23. Official Standard Names
Use these names consistently:
| Name | Meaning |
|---|---|
| MIZ OKI Enterprise Intelligence Specification | The overall platform standard |
| CanonicalEventEnvelope | Universal event object |
| Intelligence Cell Manifest | Standard definition for every connector/cell |
| Operating Domain Model | Dynamic enterprise department/business-unit model |
| SRPVDAL Runtime State | Lifecycle metadata |
| Decision Object | Explainable decision record |
| Action Object | Governed execution record |
| Learning Record | Prediction vs. actual feedback object |
| Enterprise Knowledge Graph Ontology | Graph model |
| Autonomy Governance Framework | Policy and approval system |
24. The Critical Product Insight
The product should not ask customers:
"Which modules do you want?"
It should ask:
"What does your enterprise look like, what systems do you use, what objectives matter, what policies govern decisions, and how much autonomy do you allow?"
Then MIZ OKI generates: operating domains · Intelligence Cells · graph schema · KPIs · policies · workflows · decision queues · action permissions · learning loops.

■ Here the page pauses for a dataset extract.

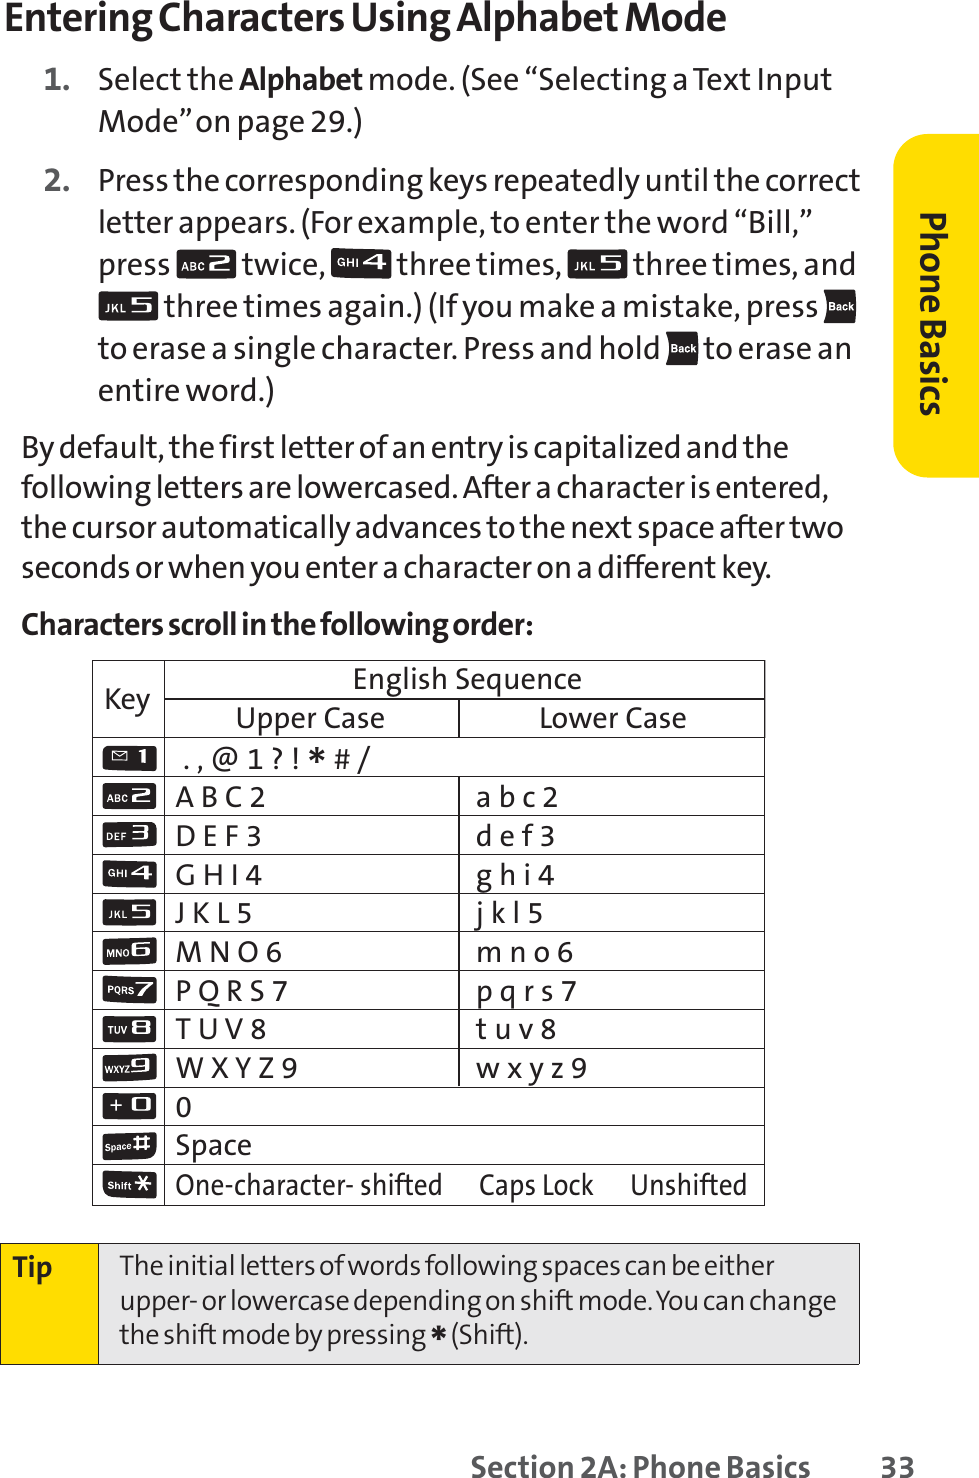 Section 2A: Phone Basics 33Entering Characters Using Alphabet Mode1. Select the Alphabet mode. (See “Selecting a Text InputMode”on page 29.) 2. Press the corresponding keys repeatedly until the correctletter appears. (For example, to enter the word “Bill,”press  twice,  three times,  three times, andthree times again.) (If you make a mistake, press to erase a single character. Press and hold  to erase anentire word.)By default, the first letter of an entry is capitalized and thefollowing letters are lowercased. After a character is entered,the cursor automatically advances to the next space after twoseconds or when you enter a character on a different key.Characters scroll in the following order:Tip The initial letters of words following spaces can be eitherupper- or lowercase depending on shift mode. You can changethe shift mode by pressing *(Shift).English SequenceUpper CaseKey.,@1?!*#/ABC2DEF3GHI4JKL5MNO6PQRS7TUV8WXYZ9abc2def3ghi4jkl5mno6pqrs7tuv8wxyz90SpaceOne-character- shifted      Caps Lock      UnshiftedLower CasePhone Basics

That is the move from software implementation to enterprise operating intelligence.
25. Final Architecture Statement
MIZ OKI 3.5 is a governed autonomous enterprise intelligence platform built around the SRPVDAL operating loop: Sense, Reason, Plan, Validate, Decide, Act, and Learn.
The platform ingests signals from every enterprise system, transforms them into CanonicalEventEnvelopes, resolves identities and entities, maps them into a self-healing Knowledge Graph, reasons across business context and causal relationships, generates plans aligned to objectives, validates those plans against financial, policy, statistical, security, and operational guardrails, produces explainable decisions, executes only within approved autonomy limits, and learns continuously from measured outcomes.
Unlike static dashboards, fixed workflow tools, or isolated AI agents, MIZ OKI adapts to the customer's actual operating structure and becomes a dynamic intelligence layer across the enterprise.
This is the center of the MIZ OKI 3.5 documentation, website, engineering spec, demo, and investor story.